Glad Marz had shown him how to turn on the audio feeds from Confessions and Crystal’s apartment, Shane minimized the screen with the registries query—now at 42 percent. Almost three o’clock, so Crystal was probably done with the luncheon but not yet scheduled to be back for her evening shift. Where would she go?

“Mind if I play this on the speakers, or would you prefer I get some headphones?”

“I don’t mind,” Jeremy said, frowning up at Shane’s computer. “What is that?”

“Crystal’s apartment.” Music played in the background, like maybe a door separated it from the listening device picking it up. No voices. No sounds of movement.

Another ten minutes passed, and Shane dialed one more time. Same result. And now his gut was calling an outright foul.

Something’s not right. Why the hell hadn’t he asked for the number to her iPhone? The thought had passed through his mind whenever she’d checked the cell for the time. But Crystal was skittish, and her nerves had been out in force during some of their conversation. He hadn’t wanted to add to her stress by asking for it.

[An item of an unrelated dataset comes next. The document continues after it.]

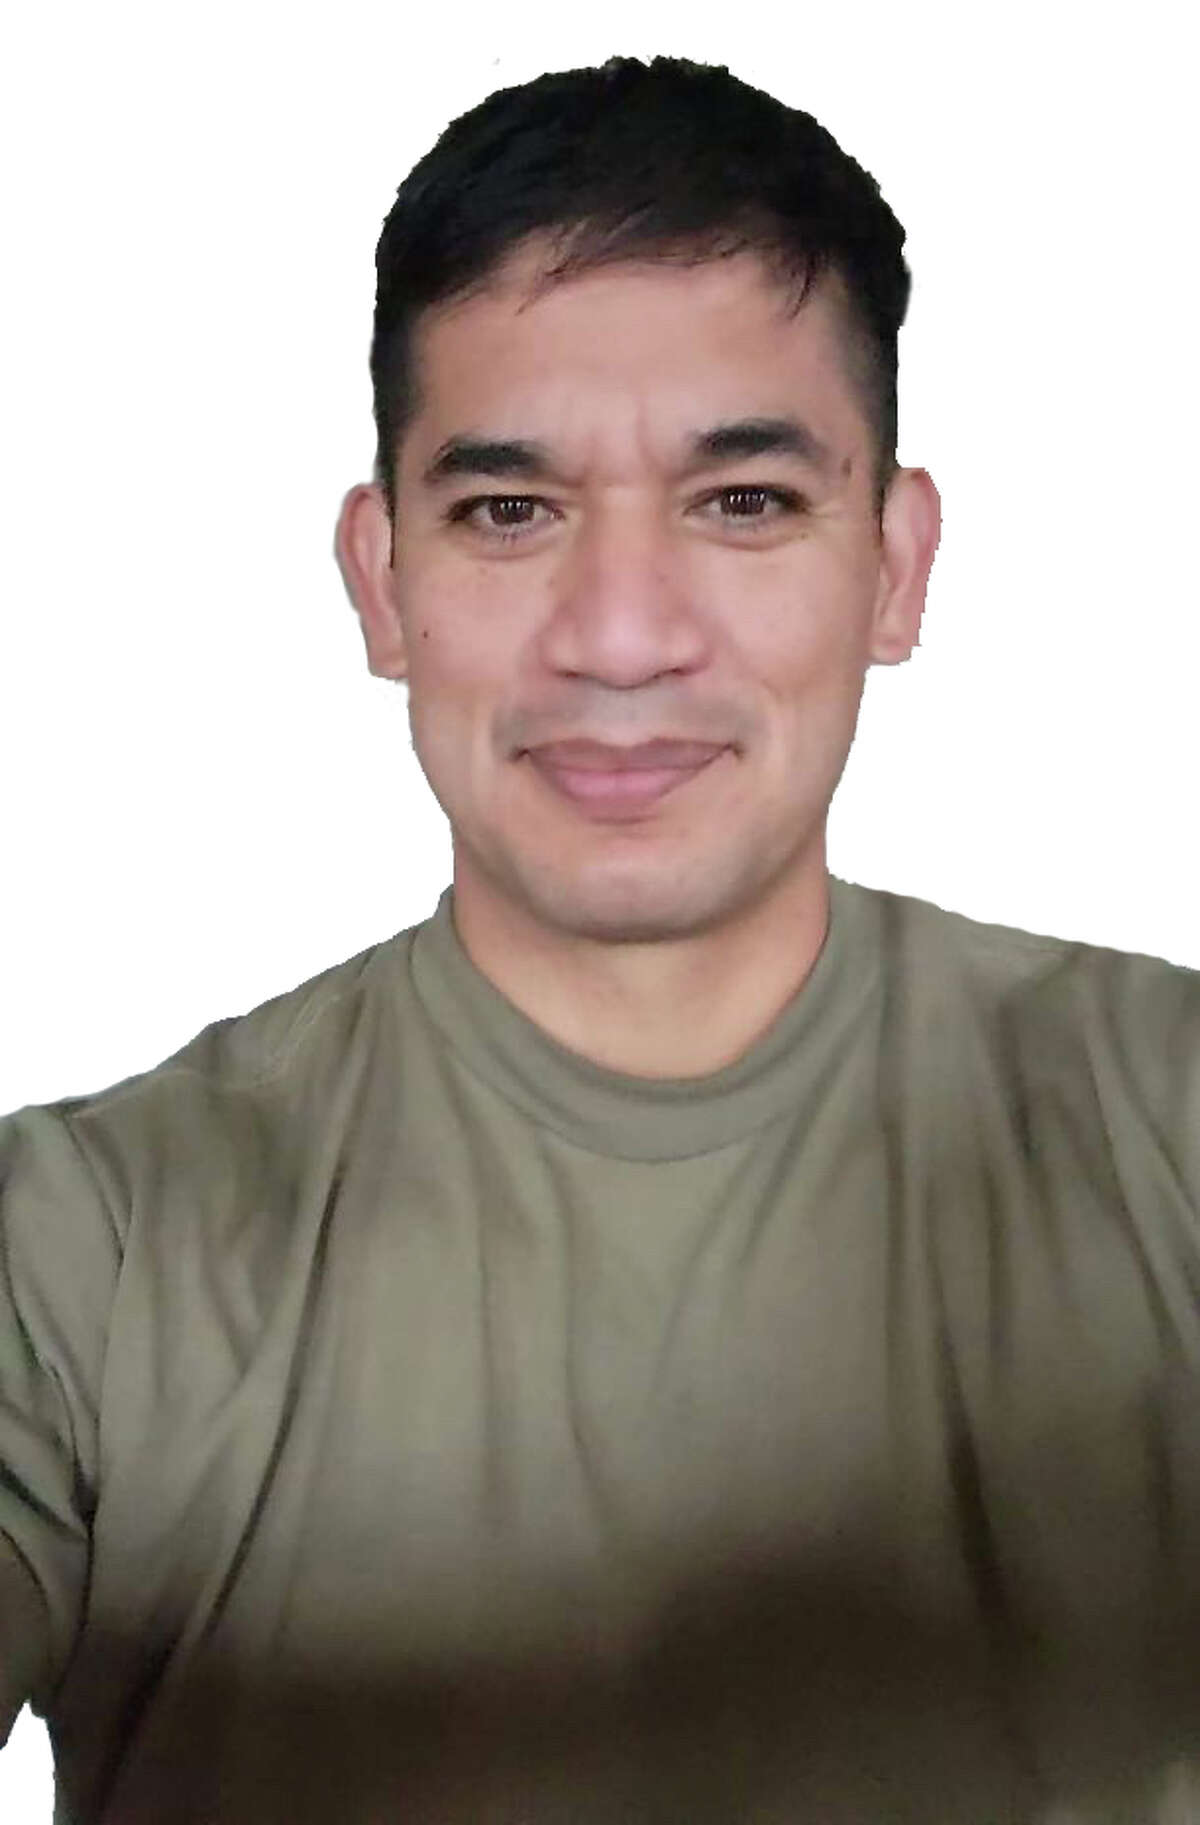 Jose Fermin Tristan, Jr.

Shane glanced at the speakers and crossed his arms tight over his chest. This was going to make him crazy. He shoved out of the chair. “I’m going to go find her.”

Jeremy’s pen fell still, and his expression was all concern. “You really think something’s wrong? I could come with.”

“Appreciate that, man. But stay here and keep at this—we need the data you’re producing. I’ll grab one of the guys.”

Jeremy nodded, disappointment flashing across his face. “Good luck. I hope everything’s okay.”

Shane cut across the gym, planning out a strategy. Should he go to Confessions and look for her truck first? Hell, why hadn’t he put a GPS tracker on the vehicle? Rookie oversight. The thought had him doing a one-eighty and marching back to Marz’s desk. Beckett had brought tracking devices with him, so Shane knew they had them. It was the work of a few minutes to find the box in which they were stored, then he took off again.

“Shane?” Jeremy called across the gym. “Wait. Come here,” he said.

The growing alarm in the man’s voice hauled Shane back to the computer, back to the feed pouring through the speakers.

“I want this place searched top to bottom,” came a bitter male voice. One Shane recognized. Bruno, with that same suspicious, paranoid tone he’d had the night Shane had been there.

Shane’s gut twisted.

Something crashed. A scream.

“What the hell are you doing—” Another scream. “Get the fuck off me—” The sickening sound of a slap or a hit. The voice was so warped by fear and anger, Shane couldn’t tell if it belonged to Crystal or Jenna, but it didn’t matter.

“Jesus Christ,” Jeremy said. “What the hell are we listening to?”

Shane didn’t stick around to answer. Because he knew. That call he’d gotten hadn’t been from Crystal. Somehow, Bruno Ashe had gotten ahold of the burn phone he’d given her. And Shane’s calls had given the scumbag all the ammunition he’d needed to suspect Crystal of—what? Disloyalty? Cheating? Lying? Any of the above. All of the above.

He tore across the gym and into the Rixeys’ apartment. Much as impatience and urgency ripped through his gut, Shane needed backup, because Bruno hadn’t been alone. Shane’s entrance was so abrupt that everyone froze and looked at him.